The risk of leaving farmer vulnerability undetected: How remote surveys can measure changes in poverty

Most of the world's poor are farmers, who deal with much uncertainty and fluctuating levels of income year-round. Until recently, tools to remotely gather data on levels of poverty have not picked up these seasonal changes, making it hard for funders and policymakers to know how and when to best support them. Now, Lean Data specialist 60 Decibels, which spun out of Acumen last year, may have a solution.

“Most of the poor people of the world are farmers – farmers with very small plots of land, who have to deal with a great deal of uncertainty because they don't know what their yield is going to be, and in many years they are making just enough – or not even enough – to have the food that they expect.” - Bill Gates, May 2013


The importance (and challenge) of understanding farmer poverty levels

Bill Gates is famous for saying that if you’re going to do something about poverty, the most effective way to do it is by improving agricultural productivity and farmers’ income. To do this, one must take a two-pronged approach: help farmers increase their incomes and manage the inherent cyclicality of these incomes. 

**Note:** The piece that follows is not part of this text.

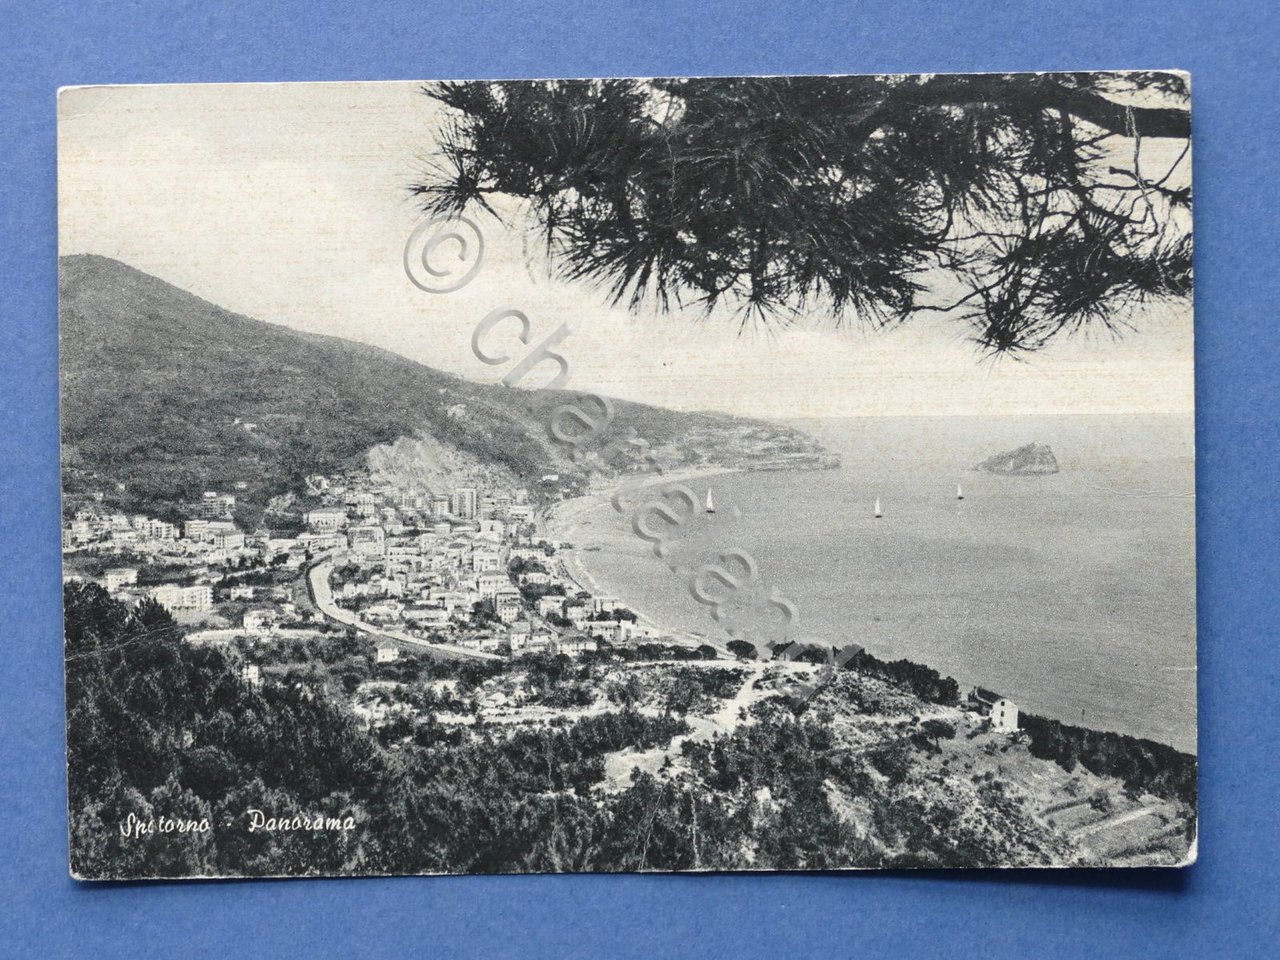 Cartolina Spotorno - Panorama - 1966.

Most farmers’ incomes follow a seasonal pattern that matches agriculture cycles: they are more cash-constrained and consumption poor before the harvest, and they have their highest cash on hand after the harvest. This is even more pronounced during times of increased climate and economic shocks.



While this pattern is intuitive enough, getting an accurate measure of the size of these swings is harder than it appears. Measuring poverty is a notoriously tricky and often time-intensive task. Doing so at regular intervals and with enough sensitivity to pick up seasonal changes is even harder.

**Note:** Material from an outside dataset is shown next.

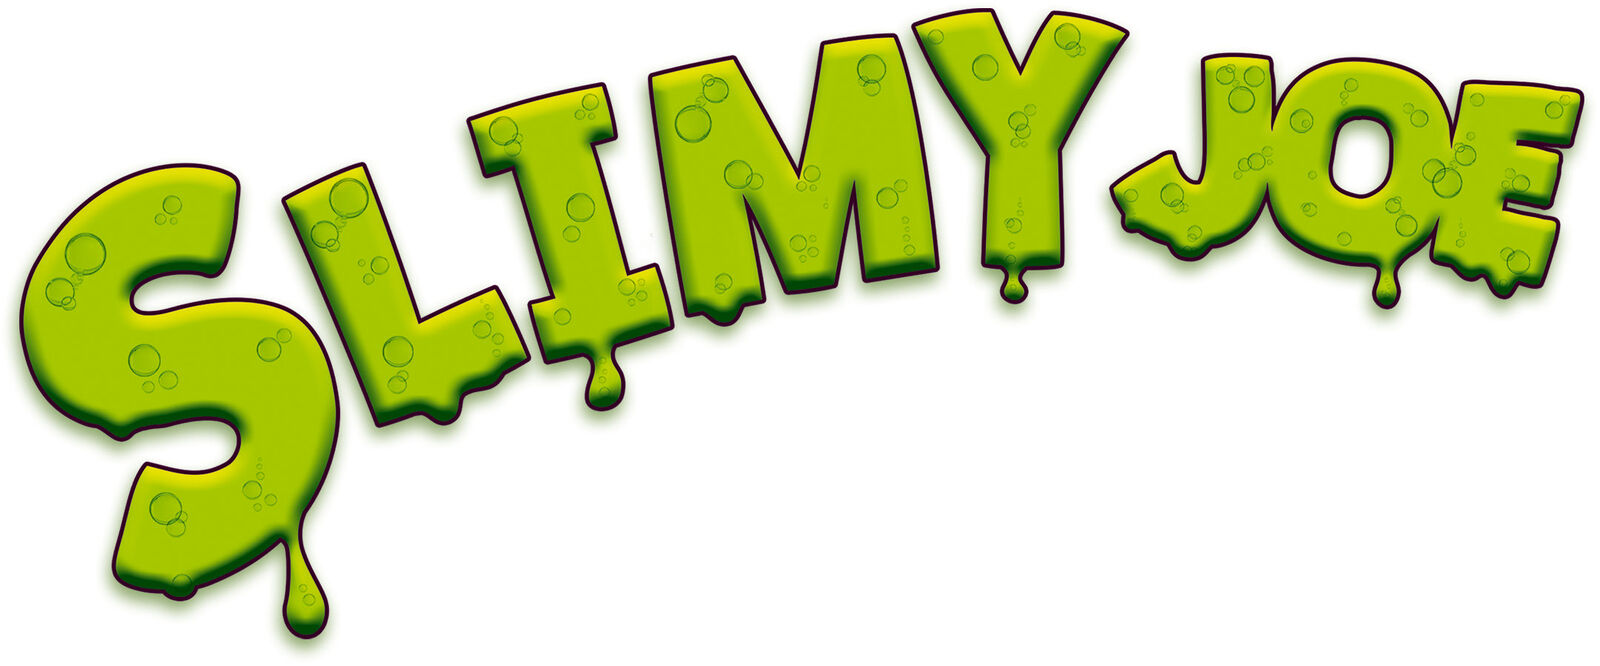 20594 Ravensburger Slimy Joe Slime Game Children Kids Family Age 4 Years+

Measuring poverty is notoriously tricky... doing so at regular intervals and with enough sensitivity to pick up seasonal changes is even harder

Our team at 60 Decibels set out to tackle this problem by developing and testing a new poverty measurement tool in Kenya. Our pilot revealed stark differences between pre- and post-harvest poverty levels for the Kenyan farmers we spoke to: we found that twice as many households were living in poverty before the harvest compared to after.

These results have implications both for how we measure farmer poverty levels and how we support farmers to minimise these variances throughout the year. They also give us insights into how to think about faster, more sensitive forms of data-gathering during the current Covid-19 crisis, which is severely threatening farmer incomes and food security.


Remote data gathering and the limits of poverty assessment tools

At 60 Decibels, a tech-enabled social impact measurement and customer intelligence company, we’ve been tackling the poverty measurement challenge as a core part of our work for the last six years. The primary tool we use to measure poverty levels is Innovations for Poverty Action’s Poverty Probability Index (PPI). This simple, 10-question survey that takes less than five minutes to execute asks a series of objective questions and produces a probabilistic estimate of the poverty levels of respondents. We’ve been pioneers in the remote deployment of the PPI globally, and we likely have the largest global data set of PPI responses collected by phone surveys: well over 100,000 responses from customers and beneficiaries in 30+ countries.

While the PPI has significantly simplified poverty measurement, it is not designed to pick up seasonal changes in incomes. The PPI primarily asks questions about a respondent’s possessions and home (e.g. if they own an iron, what their roof is made of) and about demographic characteristics (e.g. where they live, how many people are in their family) to determine the probability of their household living in poverty.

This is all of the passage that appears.